Friday 13 December 2013
just been to sas professionals road show in the new sas office in London
A couple of days ago
I attended a sas professionals (http://www.sasprofessionals.net/)
event focusing on sas V9.4 which is due to be launched in Europe in January
2014 (with statistics 12.3, 13.1 to follow towards the end of the year) . As
usual there is so much new terminology to learn and new paradigms to get one's
head around. Naturally I concentrated on what really interests me - Analytics.

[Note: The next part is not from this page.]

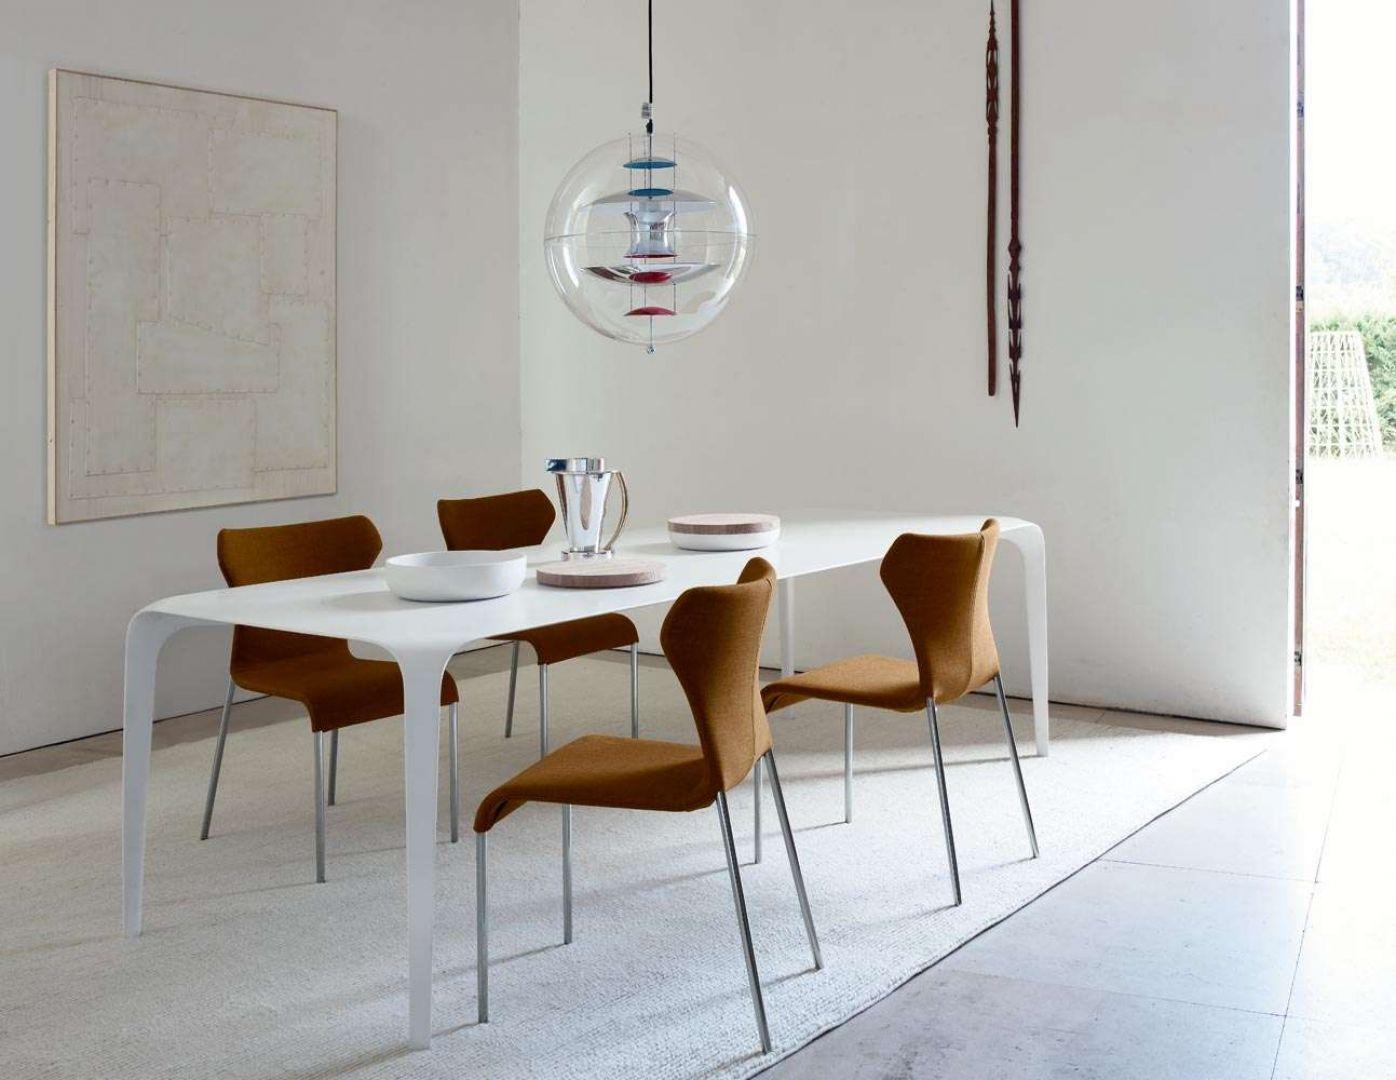 Krzesła z serii Papilio firmy B&B Italia. Projekt: Naoto Fukasawa. Fot. B&B Italia

But there are some non-analytics things that might interest analysts such as
myself:
- Sas has significantly hardened the security
2.
There are a few new ODS destinations that are aimed at the mobile device
world. But the one that is to me the game changer is the ODS to MS PowerPoints
completing the suit of preferred
delivery platforms. Let me spell this out a good sas programmer can create
automatically sleek pdfs, excels, PowerPoints. Now it all can also be ziped
automatically with an ods option.
- Sas has introduced two new scripting languages: FedSQL and DS2. The latter, DS2, is something every sas programmer who respect his-self should know. It harks back to the AF object oriented SCL (oh the good old days) so sas dinosaurs like my self will feel at home. The power, according to the presenters, is the ability to truly harness parallel programming and code objects that a truly portable to other environments. We are just facing a case where we could have benefited for the latter feature - we created an amazing solution and now the client wants the beautiful data steps dumbed down to SQL. In the new world we can just hand over the DS2 and it will work as is in say Oracle.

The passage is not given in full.